> **WHAT YOU ARE ASKED TO DO**: Without changing a word, repeat the data, and include no pictures.

[DATA SHOWN — start]

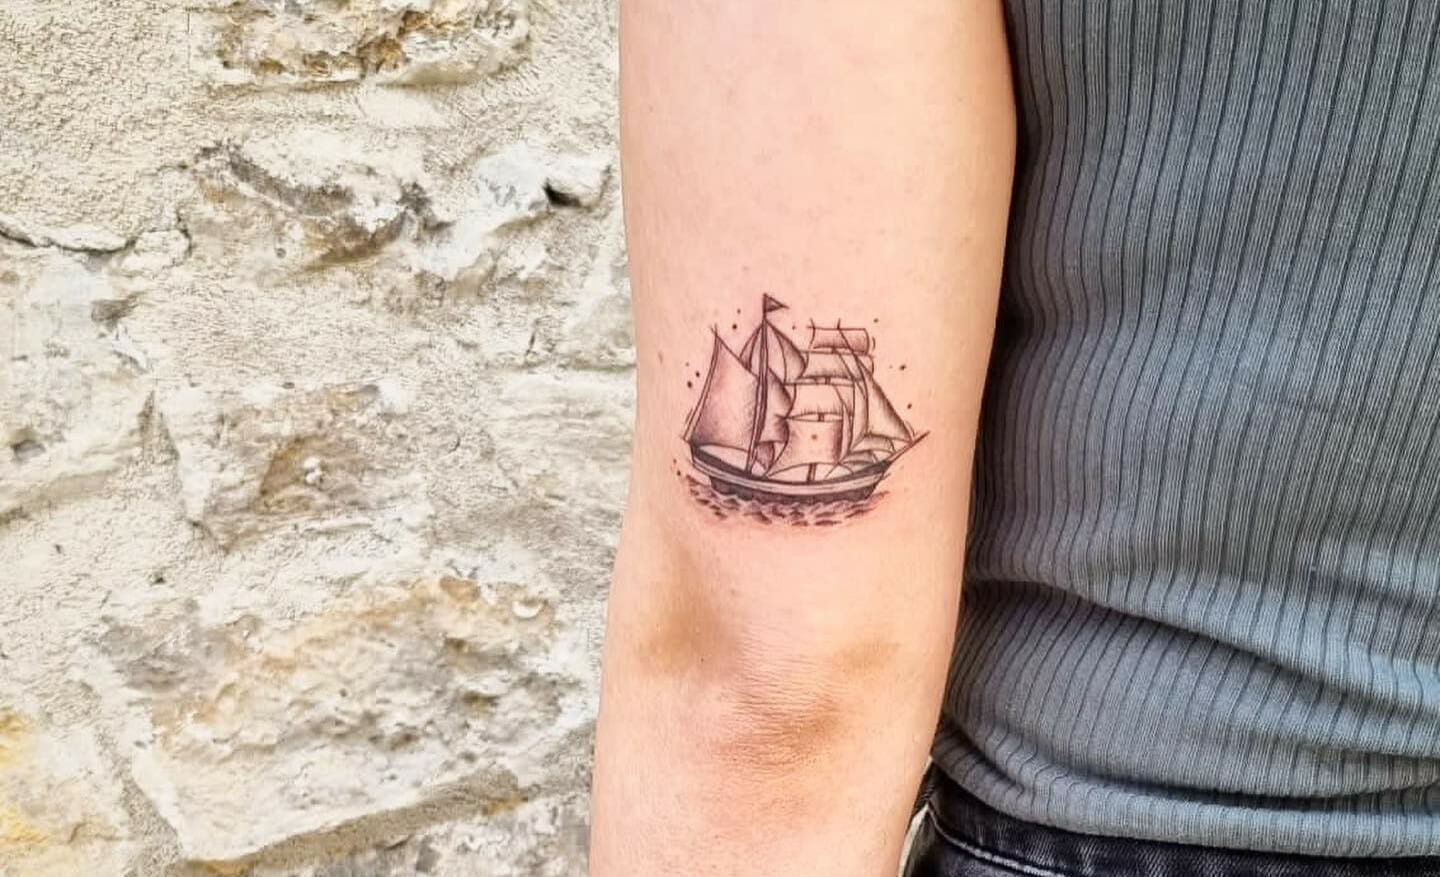 Discover 195+ small navy tattoos latest
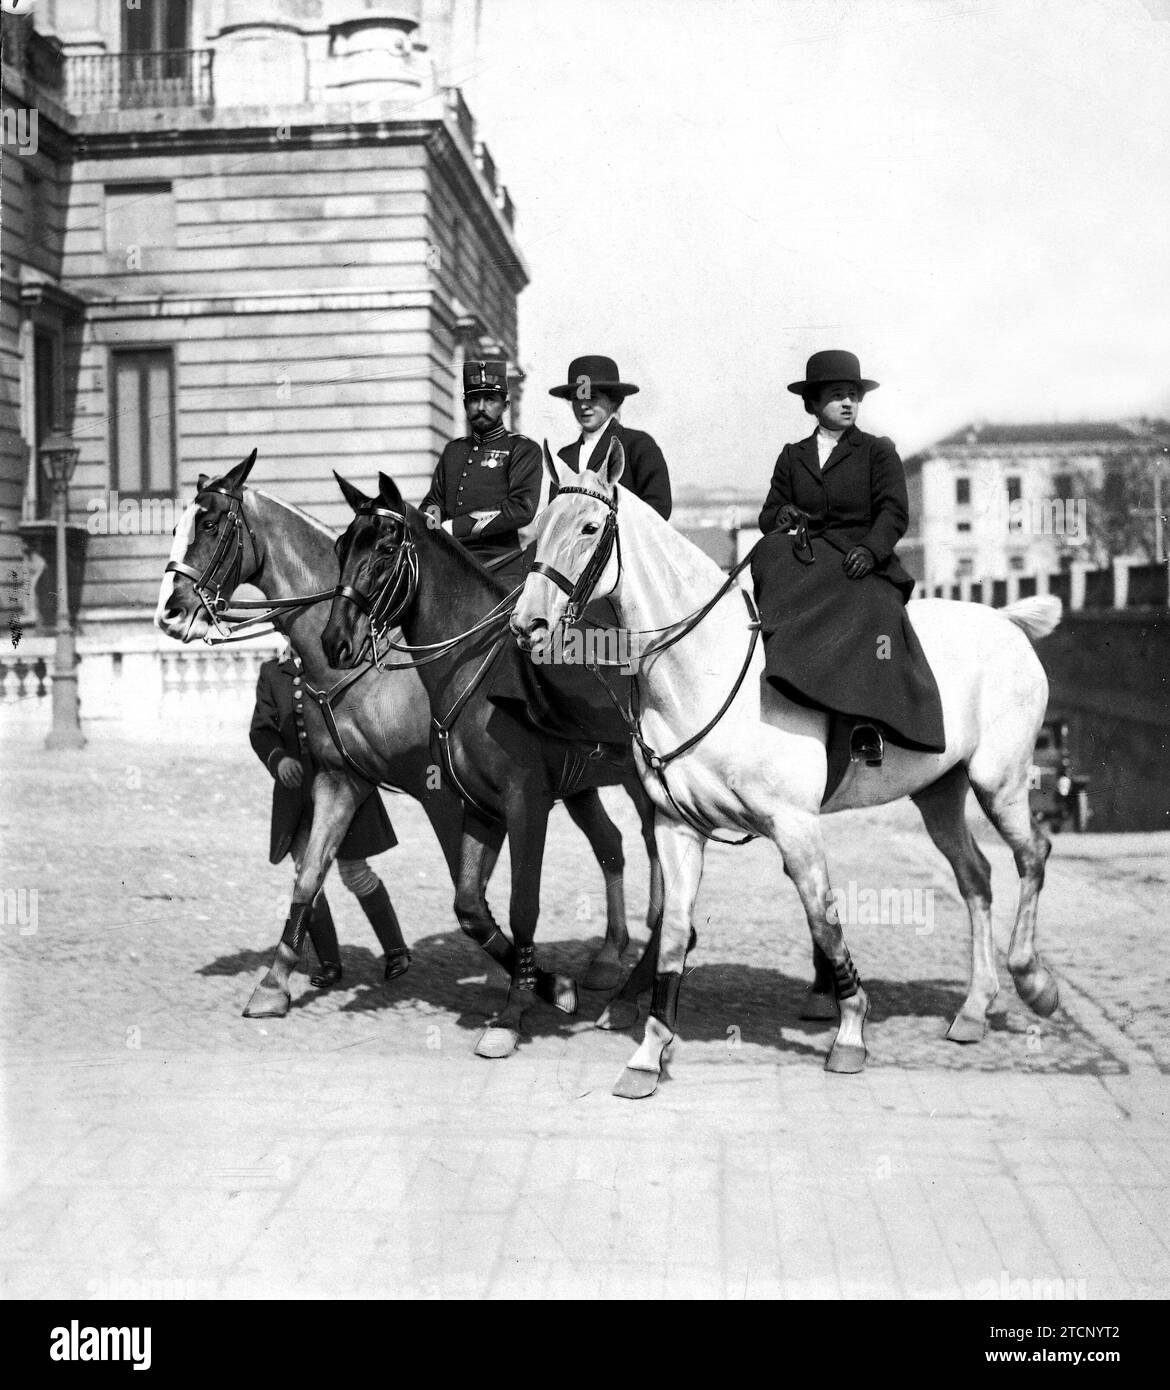 12/31/1912. Back to the Royal Palace. Archduchess Elizabeth Mary and Princess Beatrice, accompanied by HM's chief picador, Mr. Corona, entering the palace upon returning from a horseback ride. Credit: Album / Archivo ABC / Francisco Goñi Stock Photo
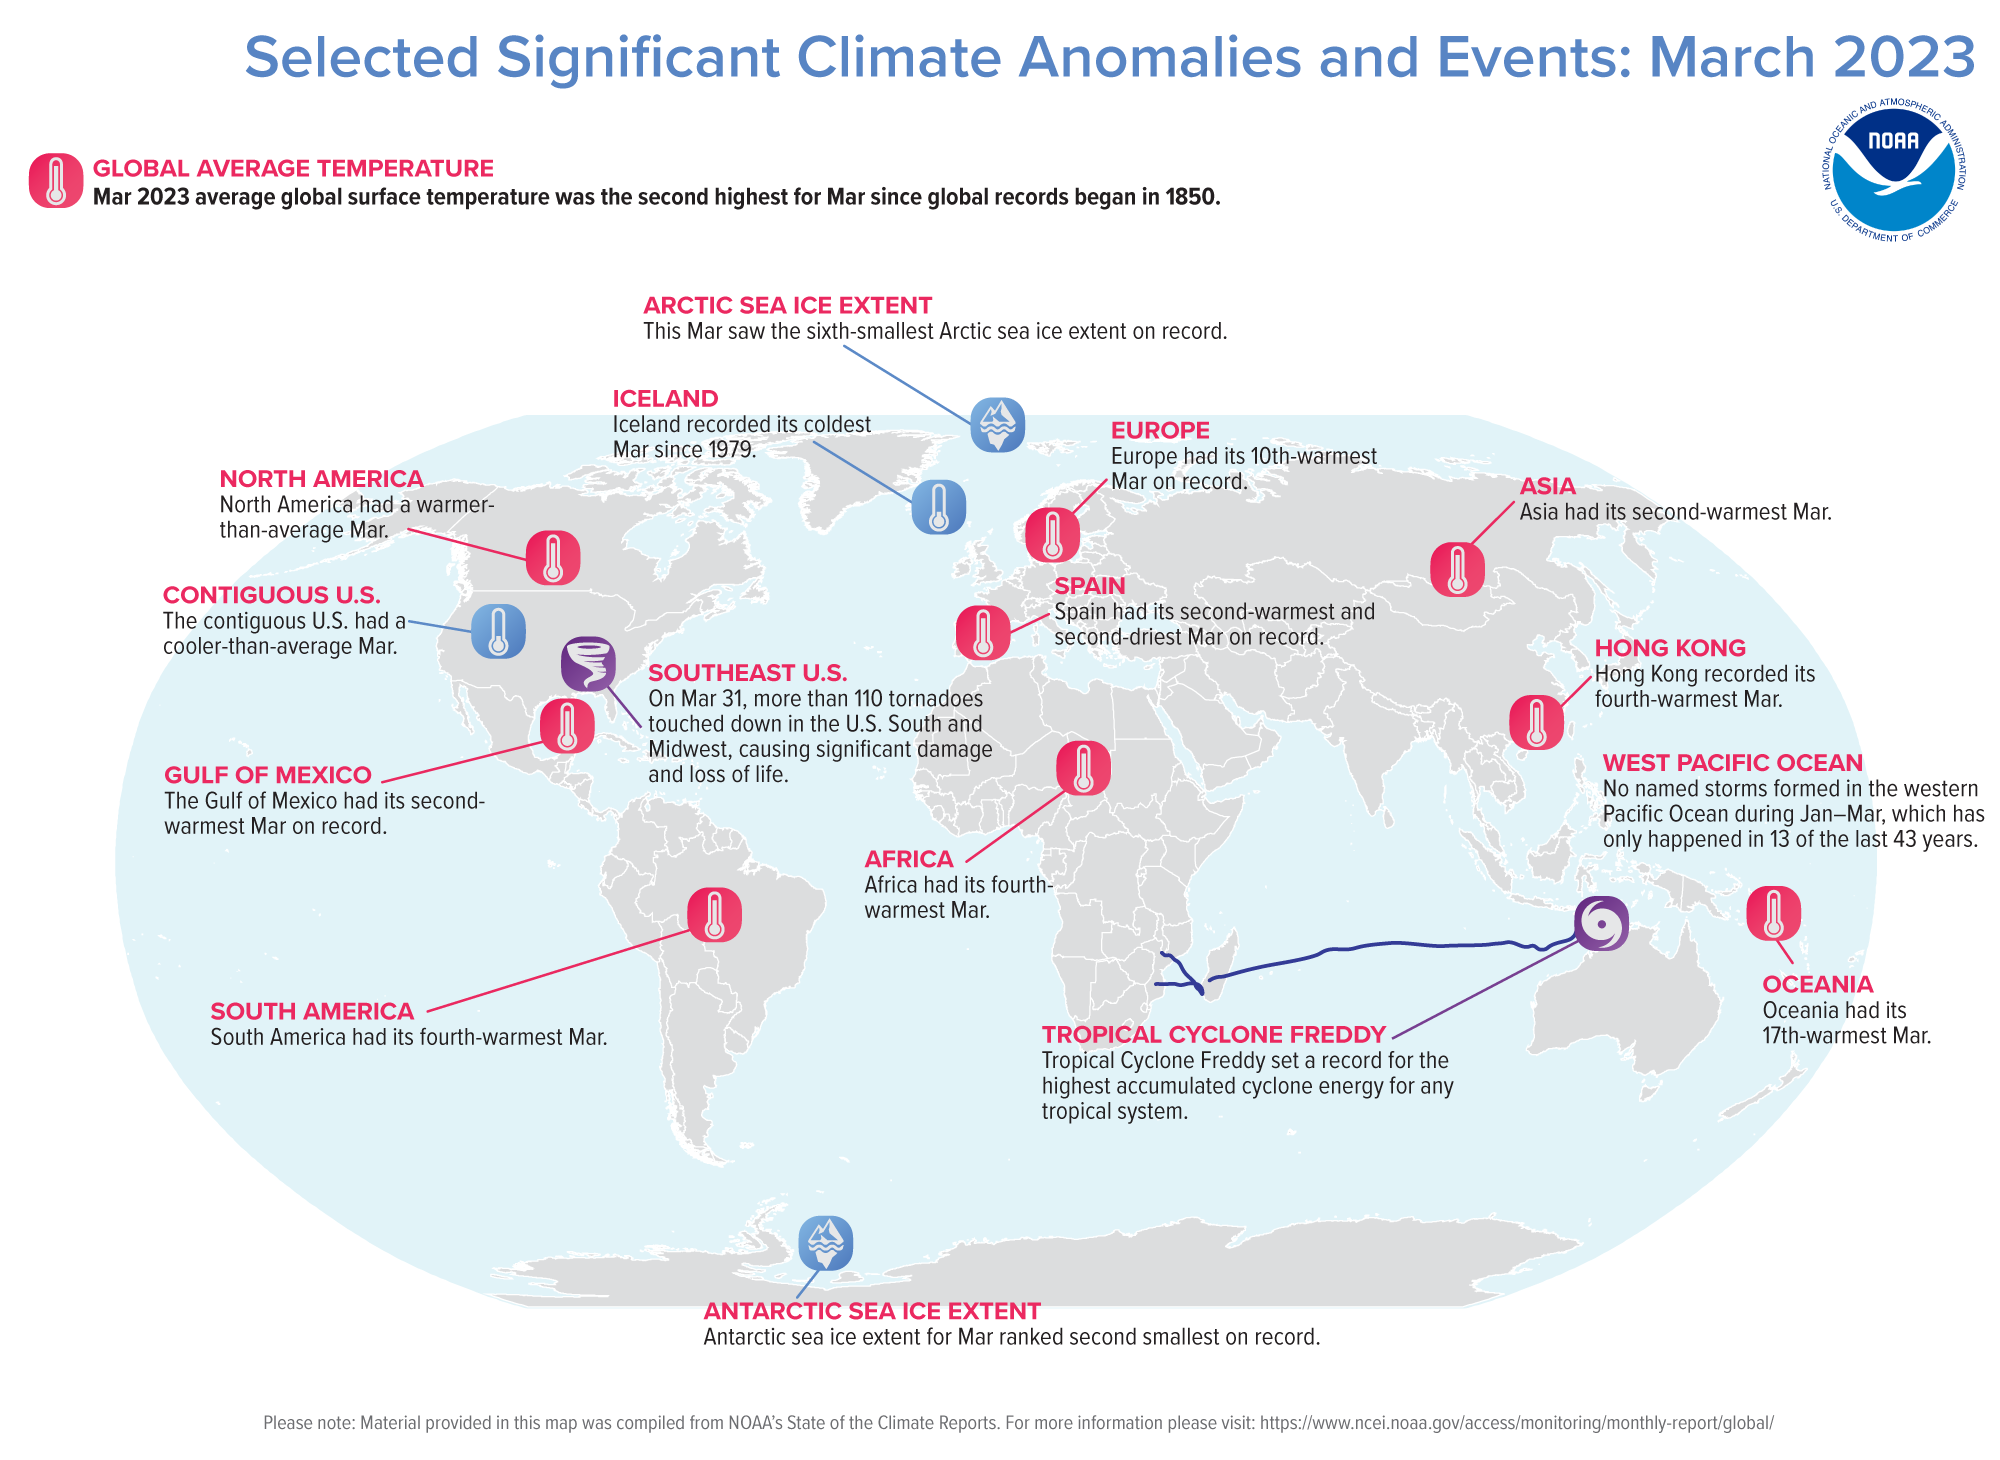 A map of the world plotted with some of the most significant climate events that occurred during March 2023.

[DATA SHOWN — finish]

> **SOLUTION TO THE EXERCISE**:
 Discover 195+ small navy tattoos latest
 12/31/1912. Back to the Royal Palace. Archduchess Elizabeth Mary and Princess Beatrice, accompanied by HM's chief picador, Mr. Corona, entering the palace upon returning from a horseback ride. Credit: Album / Archivo ABC / Francisco Goñi Stock Photo
 A map of the world plotted with some of the most significant climate events that occurred during March 2023.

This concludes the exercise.